Siapa tidak kenal wanita ini? Dia adalah Khadijah Kubra seorang wanita bersahaja dan memiliki pikiran yang dalam. Di samping sebagai seorang wanita salihah yang penuh dengan ketakwaan, melalui kecerdasan yang dimiliki, ia mampu menjalankan roda ekonomi perniagaan yang setiap orang ingin melakukan kerja sama dengannya.

Allah telah menjadikan wanita ini sebagai figur bagi seluruh kaum wanita dunia. Ia adalah seorang kaya raya yang telah berjihad di jalan Allah dengan seluruh harta dan jiwa yang dimiliki. Rasulullah saw selama masih hidup senantiasa mengingatnya dengan sangat baik. Beliau pernah bersabda, “Islam di samping daya tarik yang dimiliki berdiri tegak lantaran keberanian dan pedang keadilan Ali dan harta benda Khadijah.”

Satu-satunya Rumah yang Berpenghuni Muslim

Sejarah hauzah ilmiah berjalan serentang sejarah Islam. Hauzah ilmiah pertama adalah rumah Khadijah yang hanya memiliki dua murid: dia sendiri dan Imam Ali as. Juga hanya ada satu guru. Dan ia tidak lain adalah Rasulullah saw sendiri.

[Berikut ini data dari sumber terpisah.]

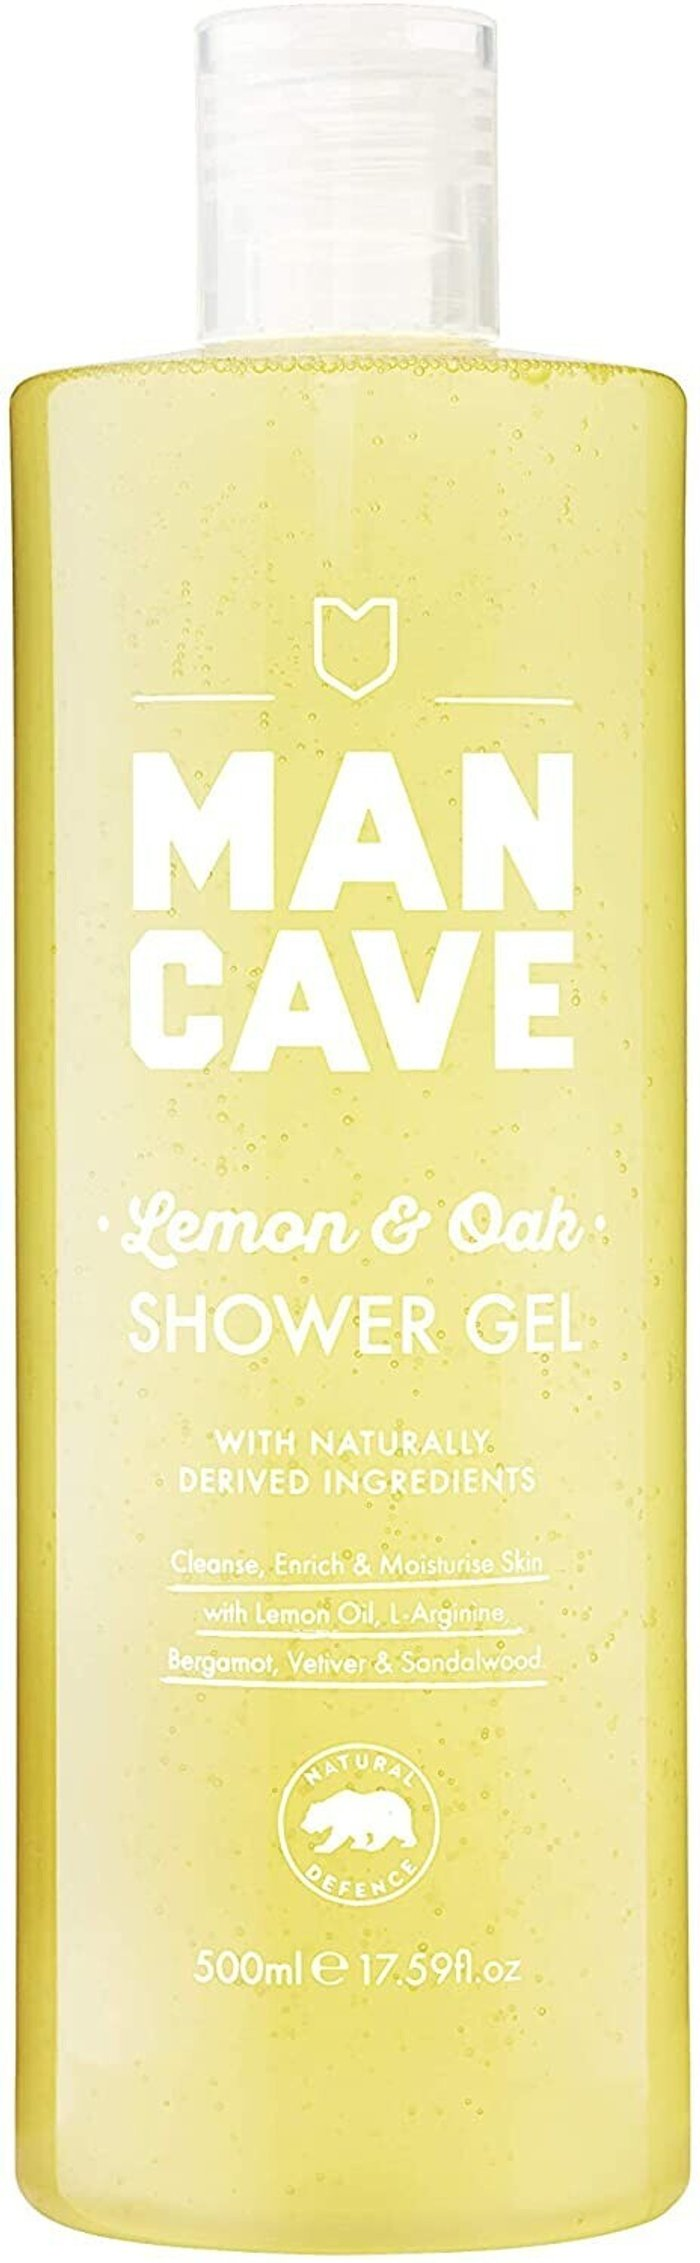 ManCave ManCave Man Cave Lemon Oak Shower Gel

Amirul Mukminin as pernah berkata, “Ketika itu, tak satu pun rumah memeluk Islam kecuali Rasulullah dan Khadijah, dan saya adalah orang ketiga.”

Rasulullah saw senantiasa menyebut Khadijah dengan baik dan selalu mengirimkan salam untuknya. Beliau bersabda, “Khadijah bergabung denganku ketika seluruh masyarakat menjauhiku. Ia tidak pernah meninggalkanku sendirian di jalan Islam dan senantiasa mendukungku. Semoga Allah mengampuninya. Ia adalah seorang wanita yang penuh berkah, dan aku memiliki enam anak darinya.” (Bihar al-Anwar, jld. 16, hlm.12)

Bukti Kecintaan Khadijah kepada Allah

Kesucian diri, pernikahan spiritual, keimanan, hijrah, dan kesabaran adalah enam tanda keistimewaan Khadijah as.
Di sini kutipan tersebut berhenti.